That, it was submitted on behalf of the appellant, had the effect of giving a right of residence to any person present in a Member State who is a beneficiary of subsidiary protection status (likewise, on this construction, Article 24 (1) would give a right of residence to beneficiaries of refugee status). We consider that would be a rather odd result. First, it would represent a shift in the mode of conferring international protection from the prohibition of expulsion provided by the Refugee Convention to the giving of a right to reside. That is at least an unexpected result of a directive which through its recitals states its purpose as being the common application of existing provisions for international protection and, in particular the Refugee Convention. Second, if those eligible for international protection have a right to reside, there is no very obvious purpose for the requirement to respect the principle of non-refoulement in Article 21. Third, as the appellant would have it, what might be regarded as a rather important right has been conferred by a side-wind. To put it more plainly, neither Article 24(1) in respect of beneficiaries of refugee status nor Article 24(2) in respect of beneficiaries of subsidiary protection status explicitly confers a right of residence. Fourth, as submitted by Mr Komorowski on behalf of the respondent, given that the Procedures Directive expressly envisages the removal of those seeking refugee status to safe third countries (Articles 23(4)(c)(ii), and 25(2)(c)), for the appellant’s construction of the Qualification Directive to be correct one must suppose that rights conferred by the Qualification Directive were then taken away by the Procedures Directive: a most improbable result of what is a professedly procedural rather than substantive measure and one intended to take forward the Tampere Conclusions.

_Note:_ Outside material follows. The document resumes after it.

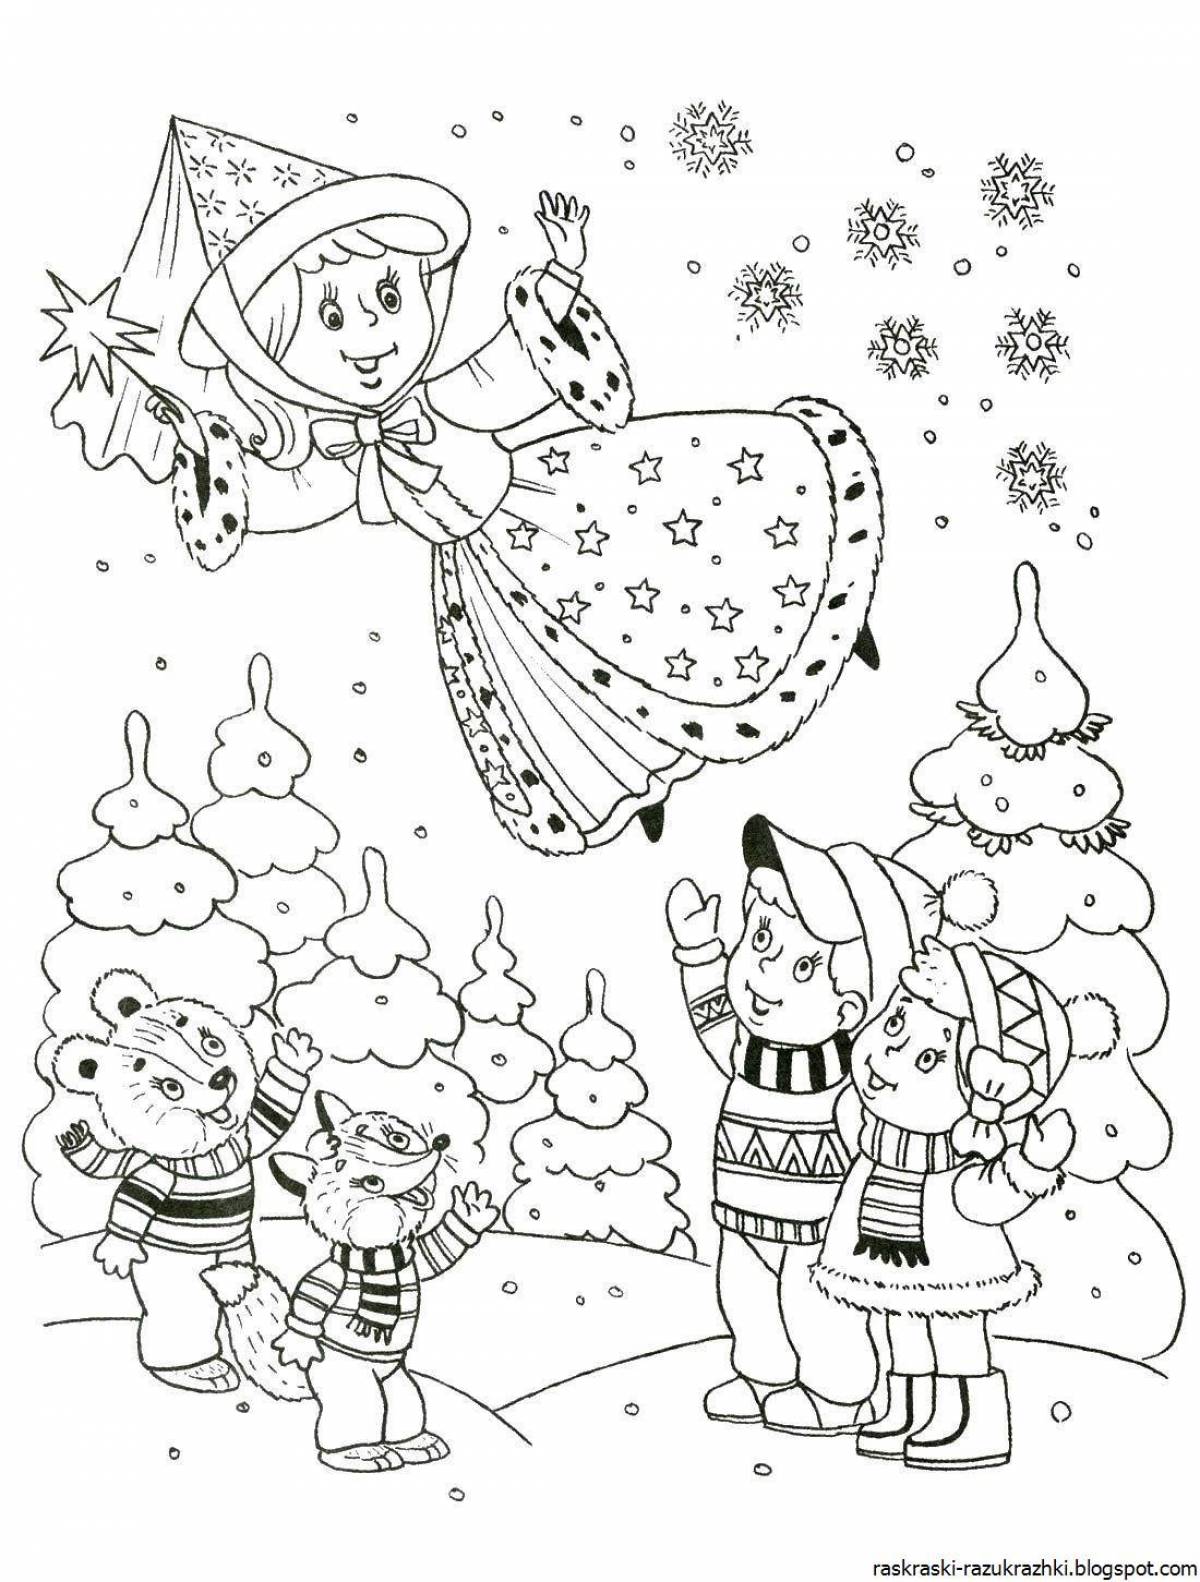 Great winter coloring book for kids 6-7 years old
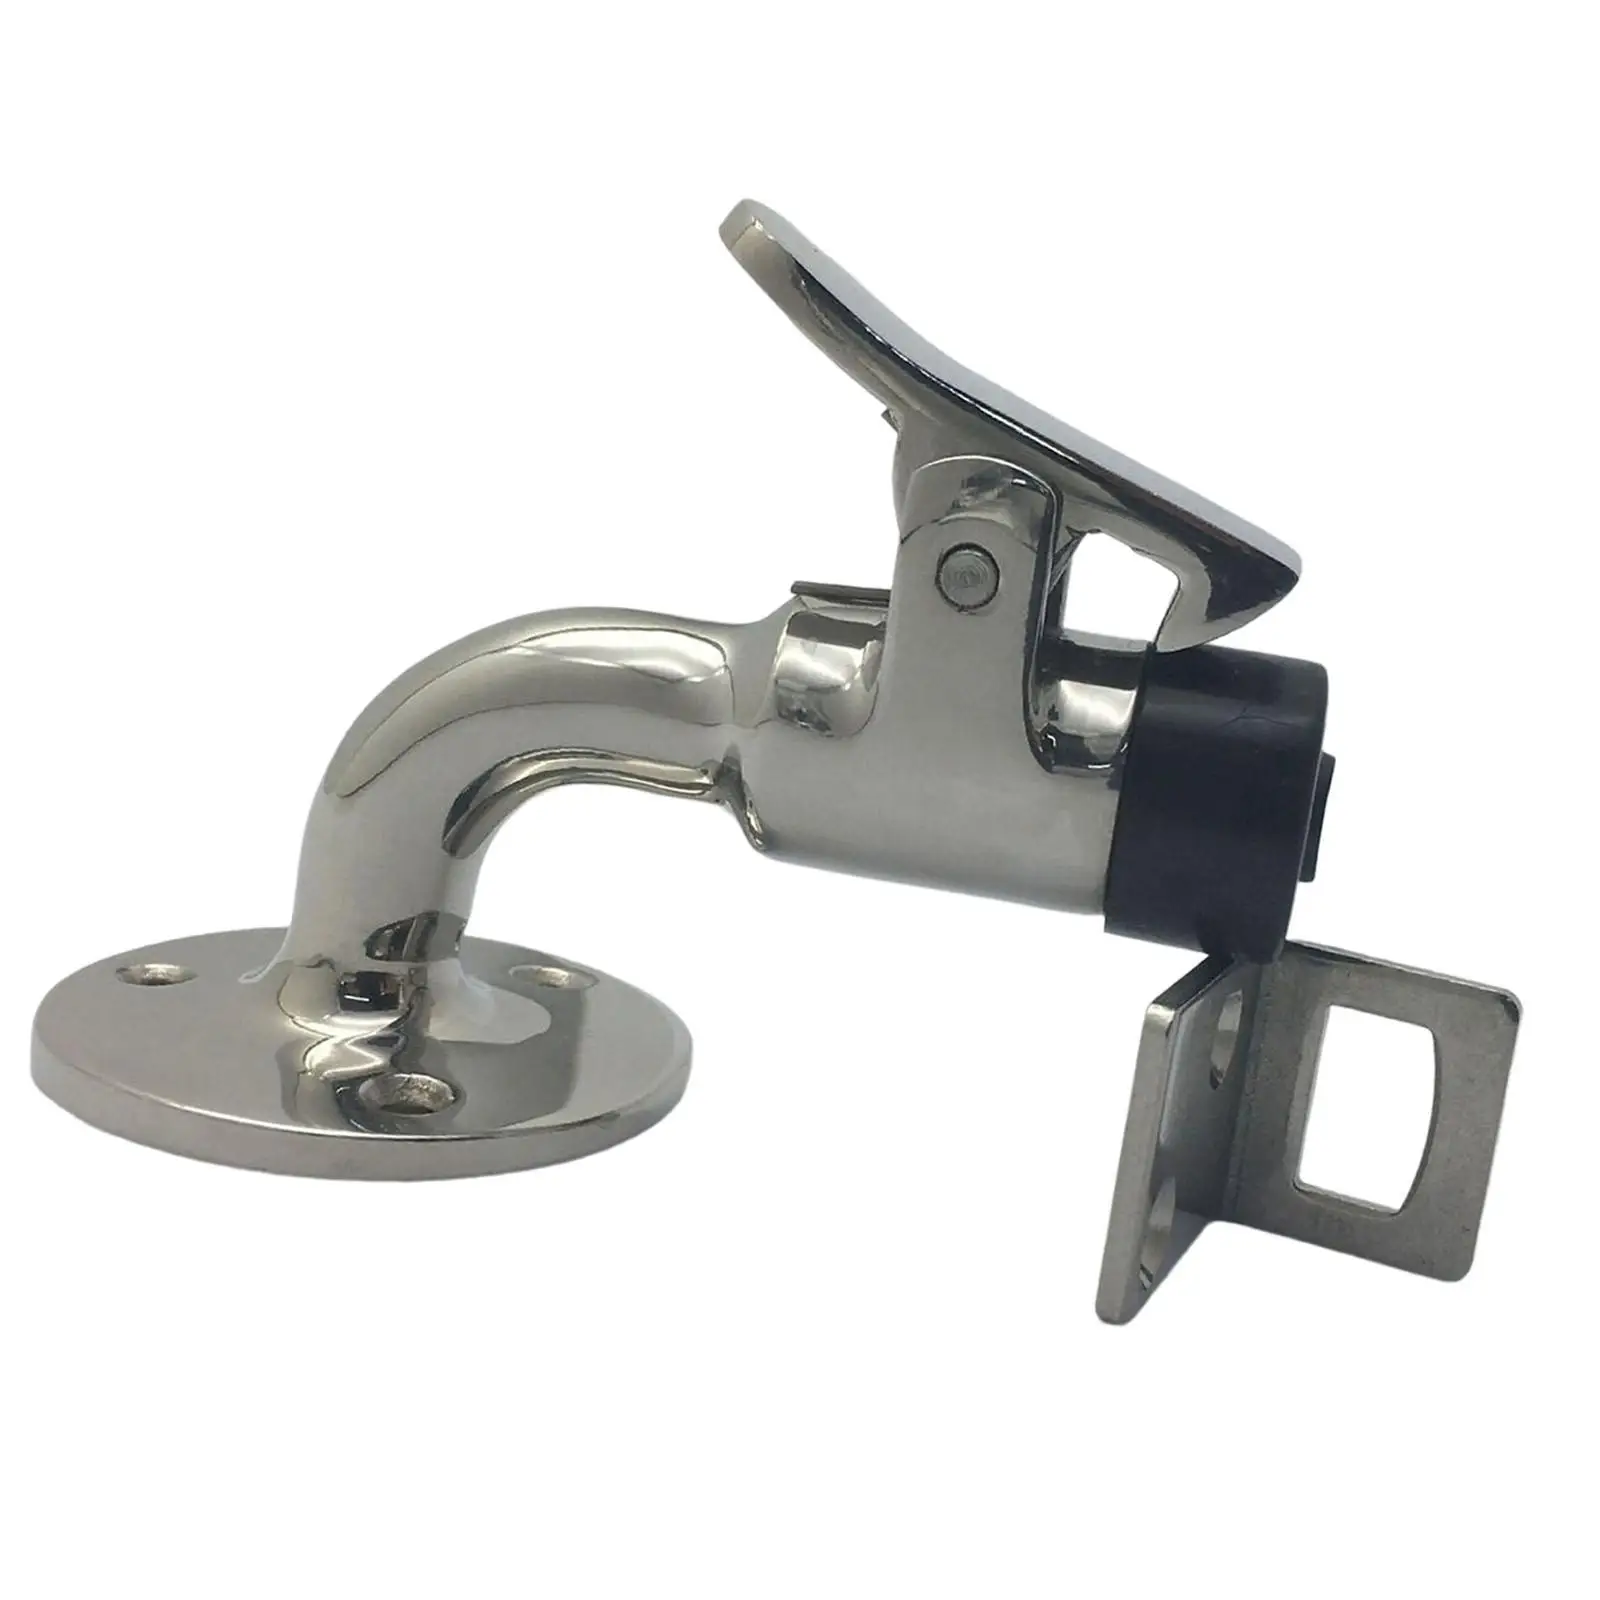 Door Stopper and 316 Stainless Steel Accessory for Marine Yacht

[38]      We do not accept the appellant’s proposed construction of Article 24. It is concerned with the issue of a “residence permit”, defined as “any permit or authorisation issued by the authorities of a Member State in the form provided for under that State’s legislation, allowing a third country national or stateless person to reside on its territory.” The residence permit of Article 24 is of the same nature as the travel document of Article 25; it documents and provides for the administration of a pre-existing entitlement; it does not confer it. Looking to the language of Article 24 we cannot improve on the characterisation of the article contained in para 11 of the decision of the Upper Tribunal:

“…it is confined to the formalities of confirming a right of residence to those who qualify for such a right. Its function is to determine the modalities whereby a right of residence otherwise existing is to be documented. Its real purpose is to ensure the practical exercise of a right where such right already exists. This is achieved by providing that a residence permit must be issued “as soon as possible”, by prescribing its minimum duration (one year) and by stipulating that it be renewable.”

 

[39]      The appellant drew attention “for completeness” to Articles 1 and 18 of the Charter of Fundamental Rights and Freedoms of the European Union. The context is recital (10) of the Qualification Directive which states that the directive respects the fundamental rights and observes the principles recognised in particular by the Charter and seeks to ensure full respect for human dignity and the right to asylum of applicants for asylum and their accompanying family members.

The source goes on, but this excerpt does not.